Trust and Felt Trust

The reliance-based trust scale from Gillespie’s (2003) behavioral trust inventory (BTI) was utilized for both measures of trust in supervisor and felt trust. The full BTI includes two factors, reliance and disclosure, which are each comprised of five items. The theoretical arguments for this study pertain more to reliance than to disclosure-based trust, which involves shared identity, relational, and affect-based processes (e.g., Gong, Farh, & Chattopadhyay, 2012). Previous studies have demonstrated that disclosure-based felt trust was not predictive of workplace attitudes and performance (Lau, Lam, & Wen, 2014). For the measure of reliance-based trust, each item asked “how willing are you to” and was followed by a statement of reliance on the supervisor. For felt trust, each item was preceded by “How willing is your supervisor to…” and continued with a reliance-based statement with the subordinate as the referent. Lau et al. (2014) recently published a felt trust study utilizing the same scale design.

The strength of the BTI is that it emphasizes the willingness component of trust (Dietz & De Hartog, 2006). The perception of employees that those in power are willing to rely on them is central to the felt trust construct. Other trust measures do not address the trusting party’s willingness to let another party have a significant influence on their life (Schoorman et al., 2007).
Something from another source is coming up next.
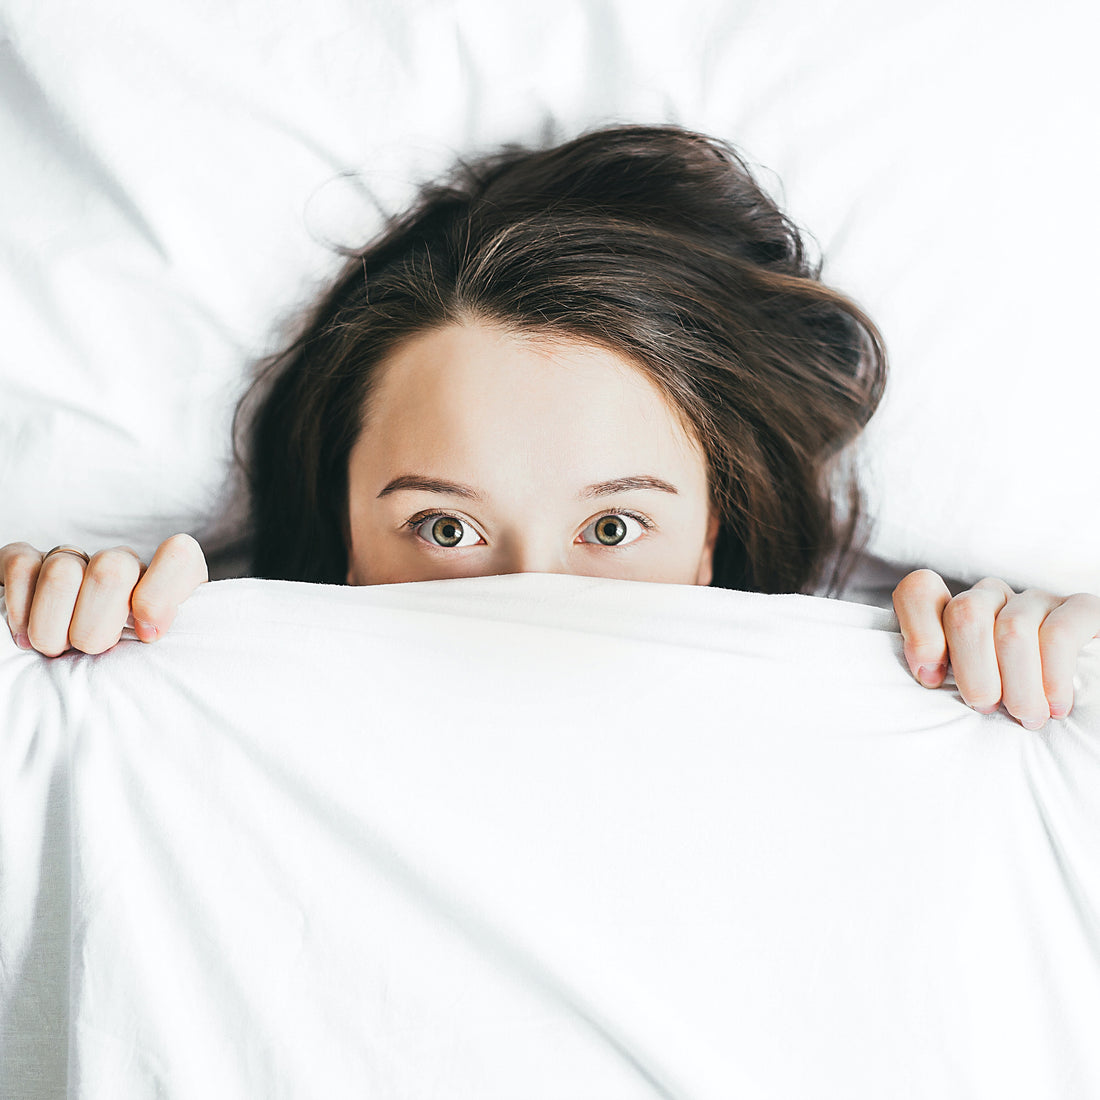 Struggling to sleep? Why it's so important and how to improve it.

McEvily and Tortoriello (2011) point out that most published measures of trust actually measure trustworthiness, which is conceptually different (Mayer & Davis, 1999). Furthermore, a review of the interpersonal trust measures by McEvily and Tortoriello (2011) demonstrated that the BTI had high reliabilities compared to several of the other measures and can be directed toward several different referents. The items used in other measures (e.g., Mayer & Davis, 1999; McAllister, 1995) are worded in such a way that changing the referents to reflect felt trust would have likely caused confusion. The BTI is designed specifically for person-to-person measurement of trust (Gillespie, 2003). As a result, the five-item measure with the adjusted referent is most suitable to the purposes of the study. Answers to the item statements are indicated using a scale of 1 = not at all willing to 7 = completely willing, and the measure demonstrated coefficient alphas of .89 for trust in supervisor and .88 for felt trust.

Workplace Uncertainty

Workplace uncertainty was measured using three items from the measure of Colquitt et al. (2012) based on the uncertainty management theory (van den Bos & Lind, 2002; e.g., Many things seem unsettled at work currently). Answers to the item statements are indicated using a scale of 1 = strongly disagree to 7 = strongly agree, with higher scores indicating higher amounts of perceived uncertainty. The coefficient alpha for the scale was .85.

Felt Obligation

Felt obligation was measured using five items from the measure of Eisenberger et al. (2001) with supervisor as the referent (e.g., I feel a personal obligation to do whatever I can to help my supervisor achieve his or her goals; I owe it to my supervisor to give 100% of my energy to his or her goals while I am at work). The items were measured using a 7-point scale from 1 = strongly disagree to 7 = strongly agree. While the measure was originally intended for use with organization as the referent, both judgments are upward in nature and supervisor relationships are highly related to judgments about the organization (Eisenberger et al., 2001). The coefficient alpha for the scale was .84.

Autonomy and Competence

Perceived autonomy (e.g., I have significant autonomy in determining how I do my job) and competence (e.g., I am confident about my ability to do my job) were both measured with three items (Spreitzer, 1995). The items were measured using a 7-point scale from 1 = strongly disagree to 7 = strongly agree. The coefficient alphas were .81 for competence and .82 for autonomy.

Turnover Intention

The intention to turnover was measured using two items adapted from Hom and Griffeth (1991) and Jaros (1997). They read, “I often think about quitting this organization” and “I intend to search for a position with another employer within the next year.” The items are measured using a scale ranging from 1 = strongly disagree to 5 = strongly agree and the coefficient alpha was .82.

Engagement

Engagement was measured using the UWES (Schaufeli et al., 2002). The items are measured using a 6-point frequency scale ranging from 1 = never to 6 = always and demonstrated a coefficient alpha of .95. Example items include “I can continue working for very long periods at a time” and “At my work, I always persevere, even when things do not go well”. The subdimensions include vigor, dedication, and absorption, but the current study used the entire scale as a composite variable.

Controls

Tenure, age, and level of education were also collected as control variables to reduce confounding effects. Tenure and age have been shown to effect turnover and turnover-related constructs (Griffeth, Hom, & Gaertner, 2000). Education, age, and tenure are also expected to influence workers’ perceived autonomy, competence, and their sense of obligation to managers.

Results

Descriptive Statistics

The coefficient alphas, means, standard deviations, and zero-order correlations for the study variables are displayed in Table 1. Trust in supervisor and felt trust were strongly correlated, r = .63; p < .05, though not so strongly as to suggest construct redundancy. Construct uniqueness was further explored via confirmatory factor analysis of competing measurement models.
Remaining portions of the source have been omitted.